BIOCHEMICAL CHANGES IN GLAUCOMA AND THEIR IMPACT ON AQUEOUS HUMOR COMPOSITION

Abstract

Objectives. Primary open-angle glaucoma (POAG) is defined as an optic neuropathy due to high intraocular pressure; however, growing research suggests that metabolic and biochemical changes play an important role in disease pathogenesis. The purpose of this review is to summarize the most recent proteomic, metabolomic and immunologic data on biochemical changes in POAG and assess how these changes affect the aqueous humor’s composition.

Methods. A comprehensive literature review was conducted using PubMed, HINARI, Google Scholar databases. With a focus on investigations using proteomic, metabolomic and oxidative stress profiling, original research publications and systematic reviews examining the composition of aqueous humor in POAG patients were examined. Nuclear receptor signaling, metabolic pathways, inflammatory mediators and oxidative stress markers were all extensively assessed and integrated.

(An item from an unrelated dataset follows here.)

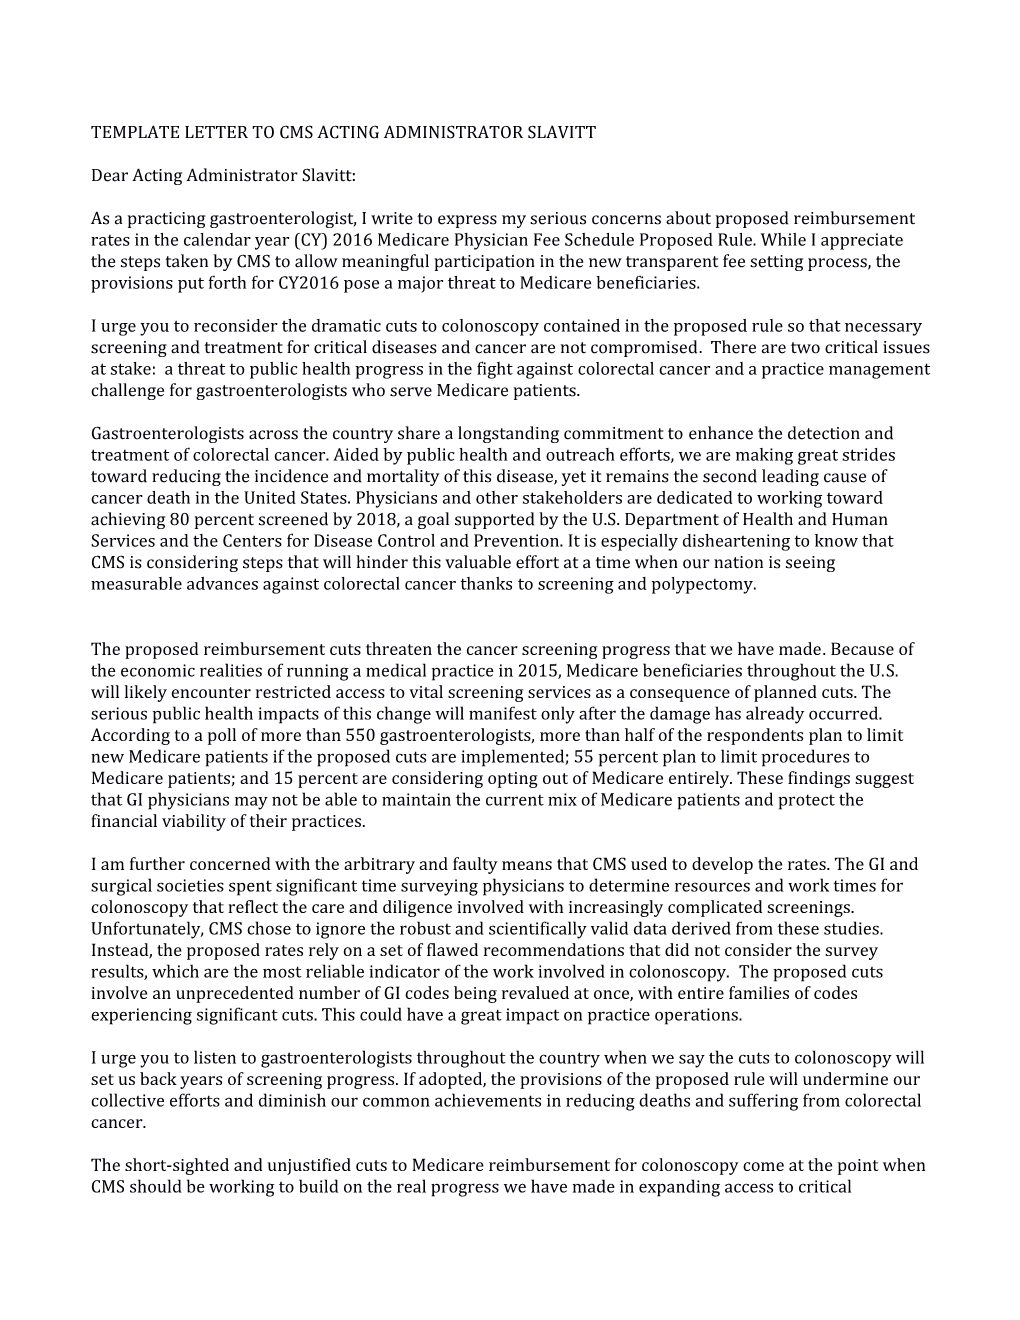 Template Letter to Cms Acting Administrator Slavitt

Results. POAG was shown to have consistent changes in the composition of aqueous humor, including raised levels of pro-inflammatory cytokines and complement components, dysregulation of energy and lipid metabolism, decreased antioxidant capacity, and increased oxidative stress indicators. Proteomic and metabolomic analyses showed that immunological and inflammatory pathways were activated, while glycolytic enzymes and mitochondrial proteins were suppressed. Furthermore, metabolic imbalance and persistent low-grade inflammation in the anterior chamber were found to be linked by the dysregulation of the LXR/RXR and FXR/RXR signaling pathways.

Conclusions. POAG is linked to a unique biochemical profile in aqueous humor that reflects the interaction of immunological activation, metabolic dysfunction, and oxidative stress. These changes may actively contribute to trabecular meshwork malfunction and disease progression. Beyond lowering intraocular pressure, aqueous humor-based multi-omics profiling has the potential to find clinically significant biomarkers and create personalized, mechanism-based treatment plans.